Trademark Battles Rage Over Everlon

The Everlon Diamond Knot made noise—as well as sales—after it was introduced by De Beers last summer. But it’s also providing a nice income for copyright and trademark lawyers.

Everlon is different from past De Beers–advertised products, because it’s meant to be a proprietary product sold exclusively by De Beers’ retailer and manufacturer partners. And from the beginning, De Beers has indicated it would zealously protect Everlon’s intellectual property rights.

“There have been a number of companies who have been brought to our attention as potential infringers of our Everlon IP, and we are dealing with them on a case by case basis to protect our sightholders and their retailers,” says spokeswoman Lynette Gould. “De Beers has filed for various U.S. copyright registrations in the Everlon collection and has applied for U.S. design patents for various pieces of the Everlon collection.
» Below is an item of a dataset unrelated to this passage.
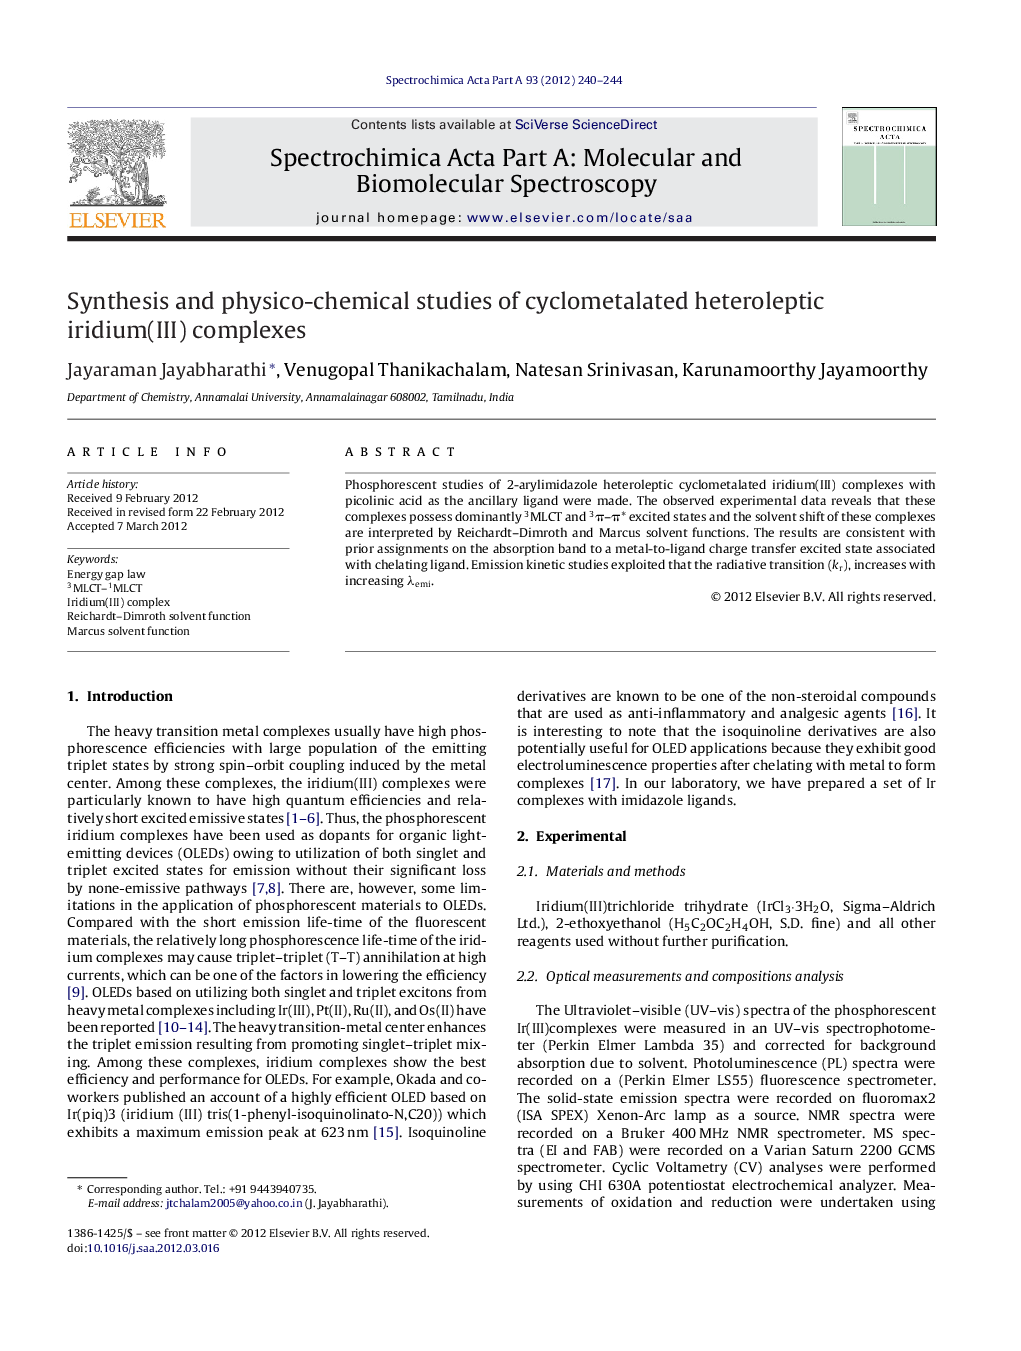 Synthesis and physico-chemical studies of cyclometalated heteroleptic iridium(III) complexes

Several of the design patents have been allowed and registered and the others will issue in the near future.”

Industry trademark attorney Peter Berger said several of his clients already have received letters about Everlon. Yet, like others, he argues that De Beers is not the first company to use designs inspired by the Hercules knot. “A lot of people claim the ring design has been around a long time,” he says.

In fact, De Beers is not only threatening to file lawsuits over Everlon but also has found itself on the wrong end of one. In December, Orogem, Burbank, Calif., launched a lawsuit claiming Everlon infringes on its copyrighted Larkhead Pendant designs. Also named in the suit were four companies manufacturing Everlon—Rosy Blue, Stuckey Diamonds, Universal Pacific Diamonds and Jewelry, and JB-DM Jewelry—as well as retailers J.C. Penney, Macy’s, Zale Corp., Wal-Mart, Helzberg Diamonds, Ben Bridge Jewelers, Samuels Jewelers, and Fred Meyer Jewelers.

De Beers had not responded to the suit at press time. Orogem declined comment.

All this may make it more difficult for De Beers to clamp down on manufacturers with similar designs. “As far as I know, De Beers has started no lawsuits,” says Berger. “And until there is successful legal action, some companies will probably continue to sell it.”